Investors responded enthusiastically, pushing share prices up. Then, the Russian invasion of Ukraine put the defense industry squarely into the spotlight, ensuring Lockheed Martin stock’s continued rise.
What Is The War Cycle?
Wars tend to be assigned a specific start date based on a precipitating event that sparks armed conflict. For example, the beginning of World War I is credited to the assassination of Archduke Franz Ferdinand, and the North Korean invasion of South Korea officially launched the Korean War.
The Gulf War and the war in Afghanistan are attributed to the attack on the World Trade Center, but in truth, all of these conflicts had been building for some time.
Historians and scholars take a broader view of how wars begin. They examine how economic and societal factors interact in the buildup to war. Through these observations, they have identified specific patterns that they refer to as “the war cycle.”
The essence of this cycle is that there is a period of escalation in which various sources of tension combine and grow more powerful. The escalation stage of the cycle can go on for years before a war begins in earnest.
Eventually, the tension passes a threshold, after which nearly any dramatic event can trigger the outbreak of violence. Soon, the violence reaches a peak, and then there is a period of de-escalation. The war ends, tensions settle, and there is relative peace – until the war cycle starts again.
The Russian invasion of Ukraine in February 2022 wasn’t unexpected. As with other wars, tensions had been growing between Russia and Ukraine for years – even decades. Some say that this war was inevitable from the moment Ukraine declared its independence in 1991, and the situation escalated when Russia annexed Ukraine’s Crimean peninsula in 2014.

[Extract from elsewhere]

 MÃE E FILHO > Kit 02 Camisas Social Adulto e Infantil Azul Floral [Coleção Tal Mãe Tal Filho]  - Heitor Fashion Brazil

Russia considers Ukraine an important acquisition due to its geographic advantages and natural resources. Perhaps more importantly, returning Ukraine to Russian rule would set the stage for Russia to begin rebuilding the empire that dissolved with the breakup of the USSR.

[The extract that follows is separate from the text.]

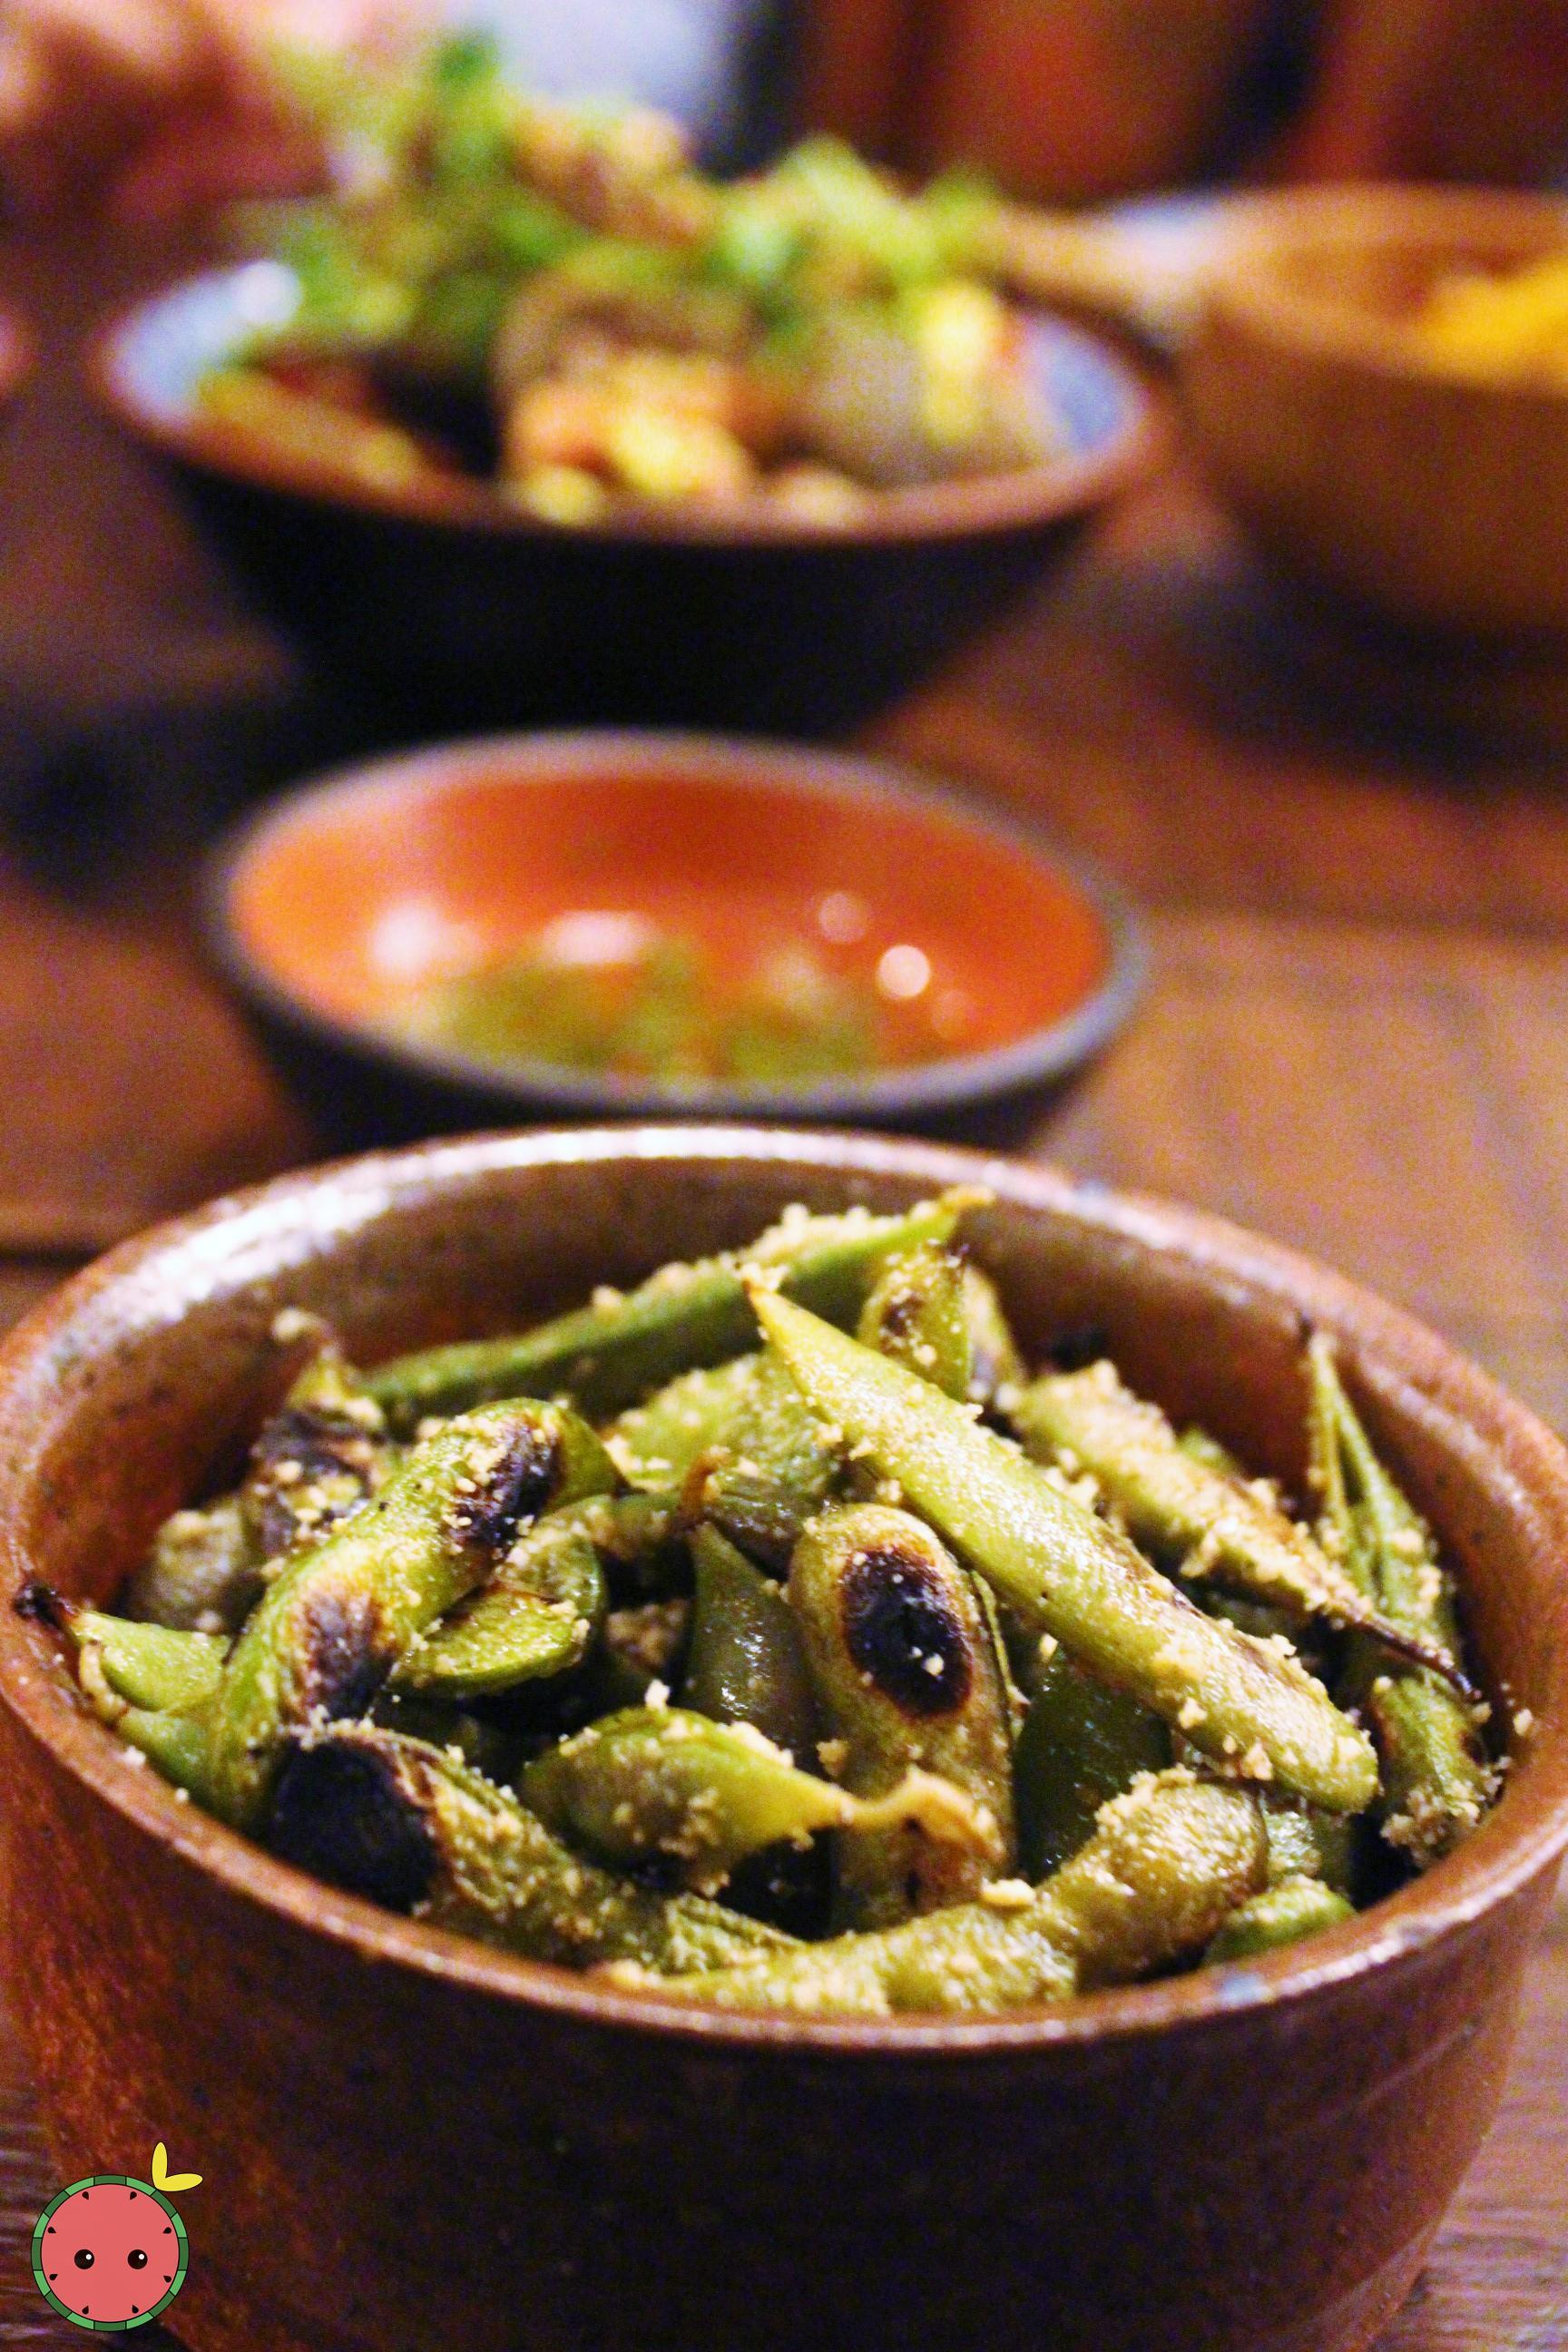 Kuro Edamame - Black edamame, charred, yuzu salt, chili

Though the official start to the war began with Russia’s invasion of Ukraine, tensions had been escalating for years. Now it appears possible – even likely – that the armed conflict will expand, as many countries aligned with Russia have a tense relationship with the United States and other members of NATO.
In retrospect, the stages of the war cycle are clearly visible in current events, and it is likely that the world hasn’t yet hit the point of peak violence that comes before tensions fade and conflict deescalates. What does that mean for the stock market?
Do Stocks Go Up During War Times?
A variety of factors determine whether US stocks go up during war times, including the level of US involvement, the war’s popularity, and the duration of the war. However, certain stocks can be counted upon to do well in times of war, regardless of how the larger market performs.
Defense stocks are at the top of the list when it comes to which stocks go up during war times. With experts predicting that 2023 could bring the peak of the current war cycle, Lockheed Martin stock is well-positioned to outperform the market over the next 12 months.
Is Lockheed Martin Stock A Buy?
Lockheed Martin’s leadership position in the defense industry puts shareholders in the right position to realize returns while armed conflicts have the world on edge. When coupled with the company’s cutting-edge programs, most analysts agree that Lockheed Martin stock has more tailwinds than headwinds right now.
Among other projects in progress, Lockheed Martin dominates the competition when it comes to hypersonics, which are critical to the US defense strategy. Defense industry analysts predict the country will spend billions on building up its hypersonic capabilities through 2030.
In addition, Lockheed Martin is a major player in the development and production of Army helicopters, and it is instrumental in the United States’ missile defense systems. These programs are expected to begin generating revenue in 2023, which may also be the peak of the current war cycle. If so, Lockheed Martin stock is nearly certain to go up, which makes LMT a buy.